April Highlights on TCM

This month on TCM, there are two intriguing double features, each highlighting the work of a particular actor at two very different stages in their lives and careers. I've always loved the idea of double bills, where you look at two films in light of one another and come away with a sense of both that is quite different from the one you would have had if you'd watched them separately. The reality of the double bill in theaters is, of course, almost a thing of the past (although Bruce Goldstein, a mainstay of the TCM Film Festival, is keeping them alive and well at New York's Film Forum), but I often think of how two pictures will play together when I'm planning what to watch with my family on Saturday afternoons, and I'm glad to see that TCM is continuing the practice.
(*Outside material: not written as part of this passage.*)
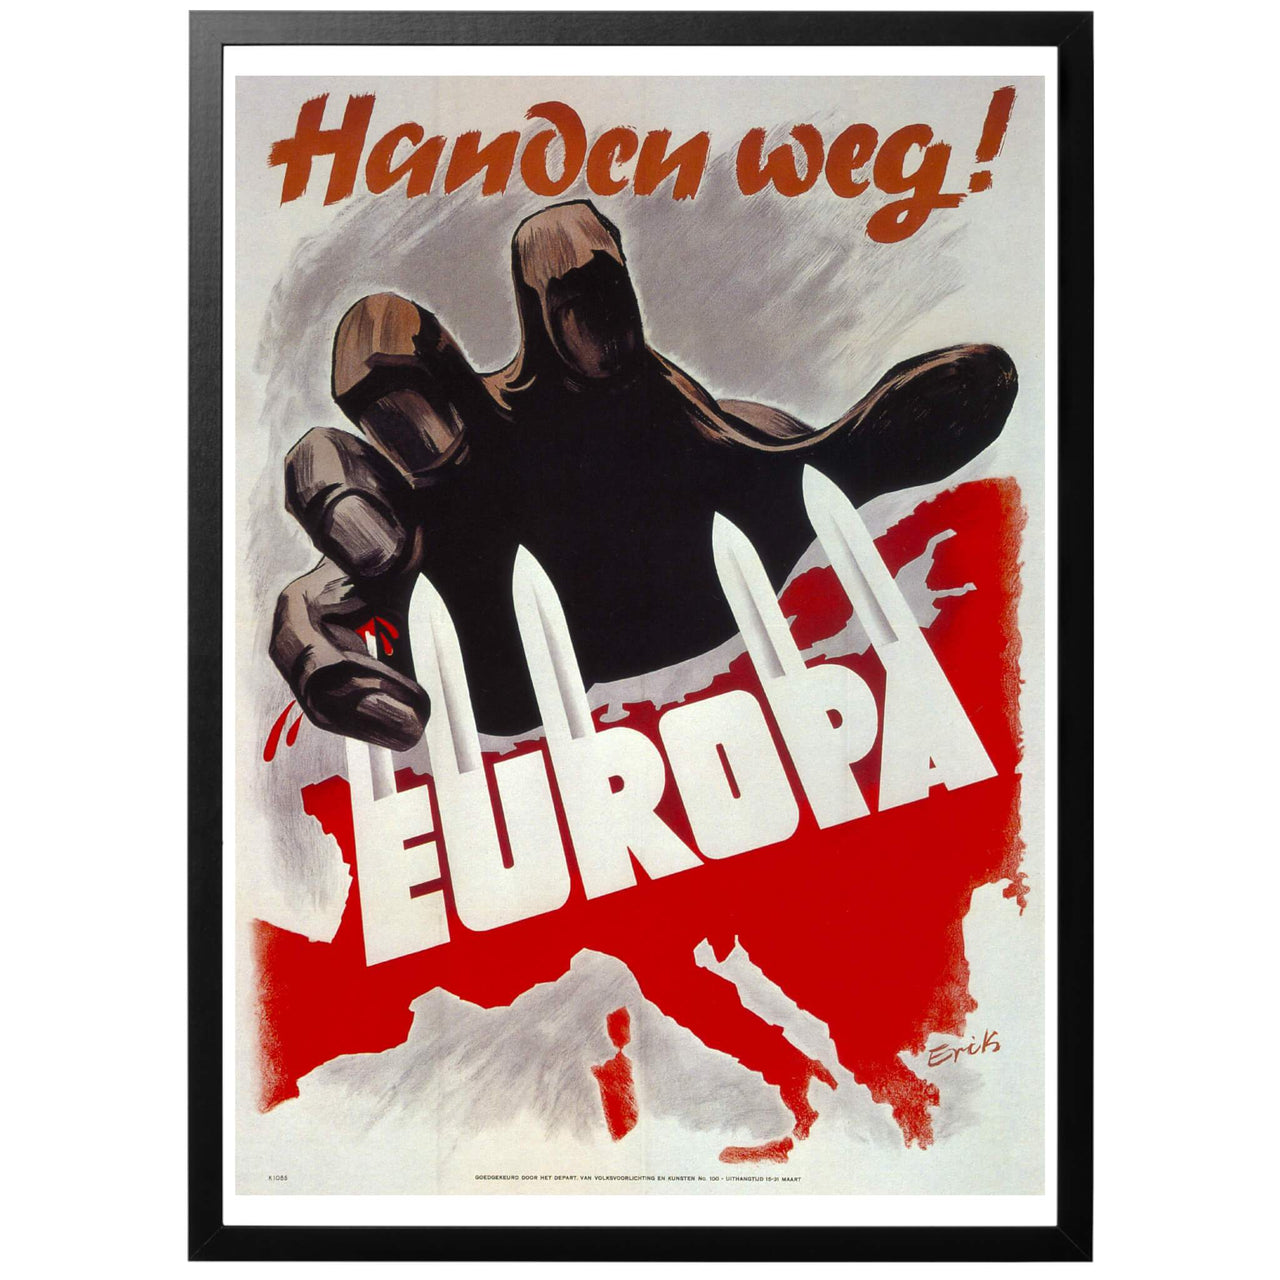 Handen weg! - EUROPA Bort med handen! EUROPA" Nederländsk WWII affisch. Ett aggressivt tryck publicerat i Nederländerna 1943. Ett befäst Europa "Festnung Europa" håller medelst bajonetter undan den röda faran.

Walter Huston Double Feature (April 14, 8pm) In 1934, Walter Huston played the role of the restless retired industrialist Sam Dodsworth in Sidney Howard's stage adaptation of Sinclair Lewis' novel. Two years later, William Wyler worked with Howard to bring Dodsworth to the screen for Samuel Goldwyn. He made one of the great films of the '30s, and Huston is astonishing in the picture. There isn't a trace of the transplanted stage performance, and he seems to be playing his wounded but dynamic character from the inside out. 13 years later, not so long before he died, Huston gave one of his very last performances in his son John's adaptation of B. Traven's The Treasure of the Sierra Madre, and he is just as deeply inside a very different kind of character, a rusty old prospector named Howard who has spent his life in the wilderness-different speech, different way of moving through the world, different way of being. Elia Kazan, in his autobiography A Life, refers to Huston's performance in that film as one among the "treasures of my life." Taken together, these two performances leave you with a picture of an artist with such a deep dedication to acting that he allows himself to remain open to absolutely anything.

Spencer Tracy and Joan Bennett (April 21, 8pm) Spencer Tracy was 17 years younger than Huston, but he also started in pictures at the beginning of the sound era. John Ford had spotted him in the stage production of The Last Mile and cast him in Up the River, and he stayed on at Fox through the mid-'30s, when he jumped to MGM. One of his very best Fox pictures was a programmer directed by Raoul Walsh called Me and My Gal, in which he played a Lower East Side patrolman who romances a neighborhood girl played by Joan Bennett. Large portions of the picture appear to have been improvised on the spot, and the wisecracking flirtations between Tracy and Bennett are wonderful: they appear to work in natural harmony, like two jazz musicians floating over and around each other's phrases. This was a particular gift of Tracy's, I think, because he gave the appearance of great ease with almost all his fellow actors, but it's wonderful to watch the two of them at this very early stage in their lives and their careers, when they were both so young and beautiful. 18 years later, they appeared together again in Vincente Minnelli's Father of the Bride, this time as a couple preparing for their daughter's wedding. Both had visibly aged, Tracy more noticeably than Bennett-he had become heftier and his face craggier, and he looked older than 50-and their middle class characters were in a state of mounting anxiety and exasperation throughout the picture. So it's inspiring to watch Tracy render this anxiousness with the same artistry and subtlety he brought to the role of Danny, albeit with two more decades of experience under his belt.